What the task requires
The line containing "SOUTHWEST GERMAN AFRICA" marks the end, so write out exactly every line from the top of the entries below through that one.

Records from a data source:
▬▬▬▬▬▬▬▬▬▬

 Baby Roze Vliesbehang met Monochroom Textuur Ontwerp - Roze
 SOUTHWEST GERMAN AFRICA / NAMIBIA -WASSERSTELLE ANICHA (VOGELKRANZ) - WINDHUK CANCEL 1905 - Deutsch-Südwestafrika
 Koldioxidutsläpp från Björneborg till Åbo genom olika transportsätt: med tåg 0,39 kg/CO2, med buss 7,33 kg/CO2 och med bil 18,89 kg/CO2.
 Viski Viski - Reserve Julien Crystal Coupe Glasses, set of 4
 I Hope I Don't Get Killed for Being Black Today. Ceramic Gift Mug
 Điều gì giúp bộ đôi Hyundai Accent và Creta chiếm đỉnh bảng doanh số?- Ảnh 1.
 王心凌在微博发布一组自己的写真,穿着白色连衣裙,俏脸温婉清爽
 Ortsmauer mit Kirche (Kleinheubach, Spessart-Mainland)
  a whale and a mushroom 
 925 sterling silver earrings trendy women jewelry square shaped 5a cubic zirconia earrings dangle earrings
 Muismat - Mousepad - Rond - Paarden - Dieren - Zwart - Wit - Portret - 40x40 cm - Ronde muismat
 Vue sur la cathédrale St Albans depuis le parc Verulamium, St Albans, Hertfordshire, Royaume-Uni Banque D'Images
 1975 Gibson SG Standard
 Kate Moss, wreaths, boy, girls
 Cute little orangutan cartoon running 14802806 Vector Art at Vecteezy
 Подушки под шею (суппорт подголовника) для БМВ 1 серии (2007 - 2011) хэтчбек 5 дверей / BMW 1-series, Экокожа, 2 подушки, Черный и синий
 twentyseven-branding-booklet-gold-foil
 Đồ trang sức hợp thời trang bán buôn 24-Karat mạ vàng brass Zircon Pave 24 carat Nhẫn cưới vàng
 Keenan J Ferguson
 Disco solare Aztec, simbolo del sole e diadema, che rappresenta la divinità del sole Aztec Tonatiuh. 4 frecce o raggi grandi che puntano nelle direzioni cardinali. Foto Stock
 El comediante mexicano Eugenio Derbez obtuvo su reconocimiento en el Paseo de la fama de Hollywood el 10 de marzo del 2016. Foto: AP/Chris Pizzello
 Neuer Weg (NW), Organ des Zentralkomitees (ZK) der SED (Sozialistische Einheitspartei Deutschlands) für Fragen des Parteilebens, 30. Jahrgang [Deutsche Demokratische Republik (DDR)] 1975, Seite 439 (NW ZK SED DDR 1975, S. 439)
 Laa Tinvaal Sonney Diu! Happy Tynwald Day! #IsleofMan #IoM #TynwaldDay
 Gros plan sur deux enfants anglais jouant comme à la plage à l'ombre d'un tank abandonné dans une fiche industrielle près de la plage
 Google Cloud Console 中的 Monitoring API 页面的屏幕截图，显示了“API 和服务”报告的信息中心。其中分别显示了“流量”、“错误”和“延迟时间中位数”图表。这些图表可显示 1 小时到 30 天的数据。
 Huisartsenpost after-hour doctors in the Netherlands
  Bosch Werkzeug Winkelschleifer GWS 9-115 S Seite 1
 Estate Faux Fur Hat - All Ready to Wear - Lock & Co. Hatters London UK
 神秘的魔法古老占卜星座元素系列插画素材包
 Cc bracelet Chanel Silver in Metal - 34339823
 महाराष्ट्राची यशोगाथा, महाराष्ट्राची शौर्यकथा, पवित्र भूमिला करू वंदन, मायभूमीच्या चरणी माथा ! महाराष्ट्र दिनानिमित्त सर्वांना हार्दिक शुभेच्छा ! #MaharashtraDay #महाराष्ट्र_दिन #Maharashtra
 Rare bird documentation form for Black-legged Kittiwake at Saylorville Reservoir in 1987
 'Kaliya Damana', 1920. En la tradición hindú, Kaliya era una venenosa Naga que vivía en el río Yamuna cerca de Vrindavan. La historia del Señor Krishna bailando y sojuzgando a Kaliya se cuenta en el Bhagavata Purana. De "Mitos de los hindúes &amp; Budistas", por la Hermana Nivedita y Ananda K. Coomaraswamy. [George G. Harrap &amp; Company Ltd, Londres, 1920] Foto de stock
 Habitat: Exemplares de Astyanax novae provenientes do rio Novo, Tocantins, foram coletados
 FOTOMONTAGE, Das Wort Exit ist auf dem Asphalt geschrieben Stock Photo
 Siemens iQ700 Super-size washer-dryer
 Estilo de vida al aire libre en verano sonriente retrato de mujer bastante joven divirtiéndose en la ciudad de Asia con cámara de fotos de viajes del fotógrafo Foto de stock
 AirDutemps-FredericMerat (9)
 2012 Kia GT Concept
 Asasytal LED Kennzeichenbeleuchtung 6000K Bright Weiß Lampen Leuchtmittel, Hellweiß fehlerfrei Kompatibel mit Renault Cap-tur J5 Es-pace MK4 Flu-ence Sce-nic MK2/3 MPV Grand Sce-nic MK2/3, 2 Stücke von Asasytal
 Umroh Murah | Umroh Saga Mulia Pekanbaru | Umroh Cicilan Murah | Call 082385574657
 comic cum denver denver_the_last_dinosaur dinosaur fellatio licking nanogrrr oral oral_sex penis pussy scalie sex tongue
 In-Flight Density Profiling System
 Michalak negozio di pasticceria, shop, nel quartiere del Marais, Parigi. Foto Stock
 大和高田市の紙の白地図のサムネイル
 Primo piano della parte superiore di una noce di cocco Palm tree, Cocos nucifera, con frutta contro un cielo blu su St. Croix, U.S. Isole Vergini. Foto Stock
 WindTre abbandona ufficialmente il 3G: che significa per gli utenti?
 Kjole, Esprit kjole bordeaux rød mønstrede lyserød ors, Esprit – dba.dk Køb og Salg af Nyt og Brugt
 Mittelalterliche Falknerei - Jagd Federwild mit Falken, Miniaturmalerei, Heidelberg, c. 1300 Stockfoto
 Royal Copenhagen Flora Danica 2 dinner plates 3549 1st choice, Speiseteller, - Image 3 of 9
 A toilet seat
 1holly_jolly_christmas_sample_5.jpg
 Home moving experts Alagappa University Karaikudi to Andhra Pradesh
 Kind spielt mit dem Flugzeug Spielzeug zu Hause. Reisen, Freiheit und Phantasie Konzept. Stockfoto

▬▬▬▬▬▬▬▬▬▬

Exercise output
 Baby Roze Vliesbehang met Monochroom Textuur Ontwerp - Roze
 SOUTHWEST GERMAN AFRICA / NAMIBIA -WASSERSTELLE ANICHA (VOGELKRANZ) - WINDHUK CANCEL 1905 - Deutsch-Südwestafrika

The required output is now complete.